Tagovailoa, Burrow and Lawrence will probably be better pros. Fields had a preposterous season: 40 touchdowns, one interception. But there has always been a place in college football for guys who were just fantastic at college football—who had the maturity, talent, mental acuity and timing to squeeze a ton of success out of what is always a short career.

Hurts deflected a chance to comment on his place in the sport’s history: “I can’t make that decision for me. Whenever the time is right … make it now, make it in a month, whatever.”

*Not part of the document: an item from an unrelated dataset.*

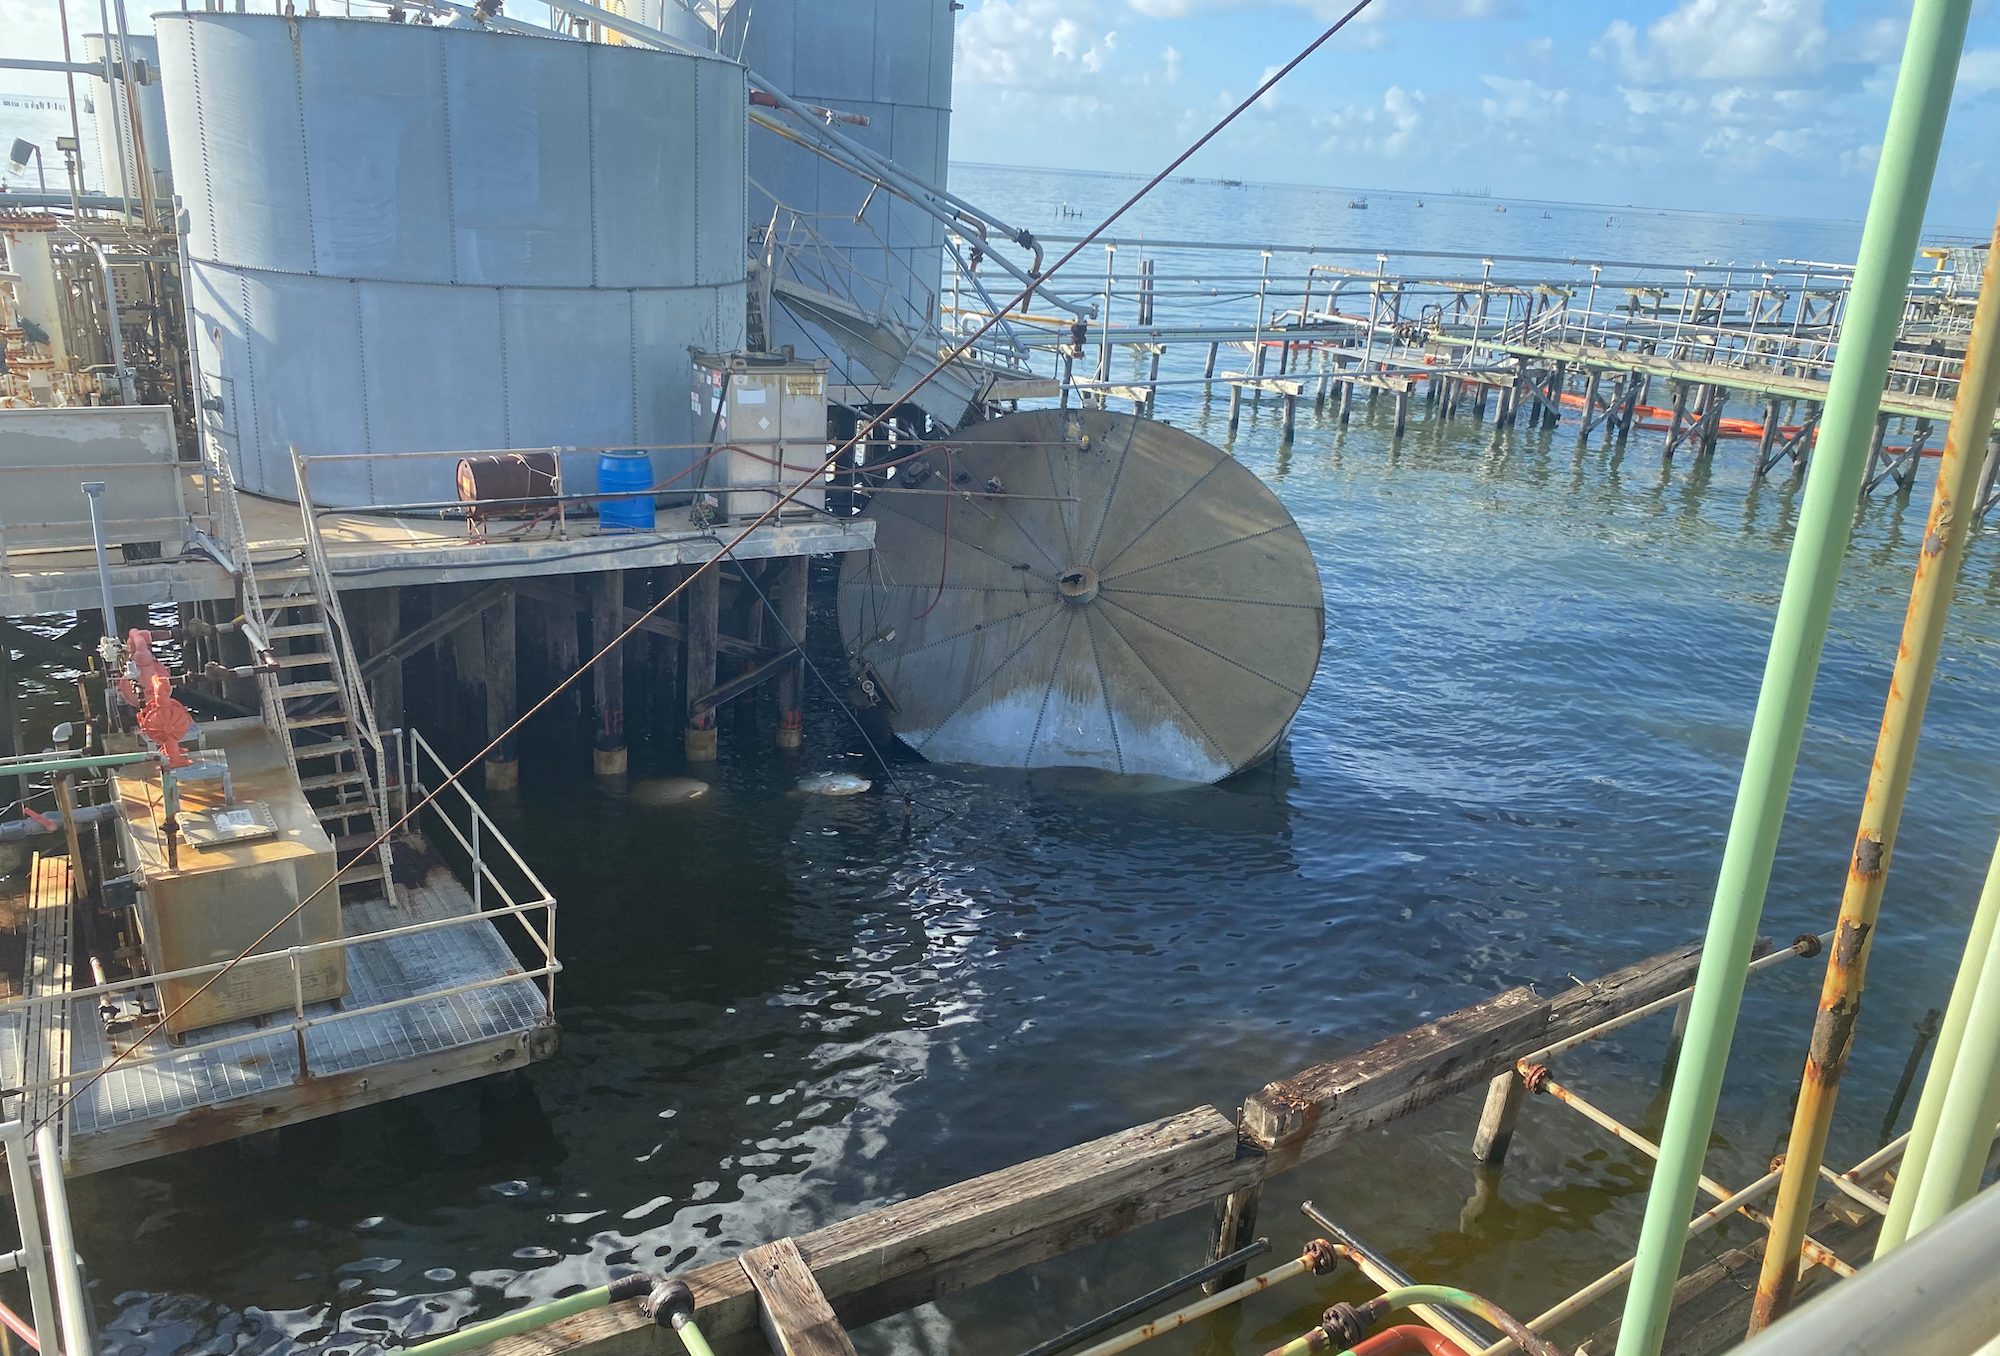 Coast Guard Responds to Oil Spill at Offshore Platform in Terrebonne Bay, Louisiana

Don’t wait a month. Don’t wait to see if he pulls off one of the biggest upsets in the playoff’s history. Appreciate him now: Jalen Hurts managed to put together a classic career while smoothly handling the sport’s modern turbulence. He was not intimidated when he took over at Alabama. He did not flinch when Tagovailoa replaced him. In arguably Alabama’s biggest win of 2018, the SEC Championship Game, Hurts replaced an injured and struggling Tagavailoa and led the Crimson Tide to victory. Then he went to Norman and, as Riley says, “sped up a relationship that, a lot of times, takes multiple years to build.”

This season Hurts has run for 1,255 yards (5.7 yards per carry) and 18 touchdowns. LSU coach Ed Orgeron says, “That’s a wildcat tailback back there.” Yet Hurts has also completed 71.8% of his passes, and Orgeron is the last person who needs convincing. As he pointed out Thursday, Hurts has beaten his LSU teams twice.

“He’s put their team on his shoulders,” Orgeron says. “They are doing whatever they want to do with him.”

We know Hurts is a very good quarterback, but we don’t seem to think of Hurts this way. We think of him riding other people’s shoulders. We think of him benefiting from Saban’s talent and Riley’s system. Well, sure he did. Nobody wins games alone. But Hurts has led three teams to the playoff. By any reasonable standard, he should be back at the College Football Hall of Fame some day—as an inductee.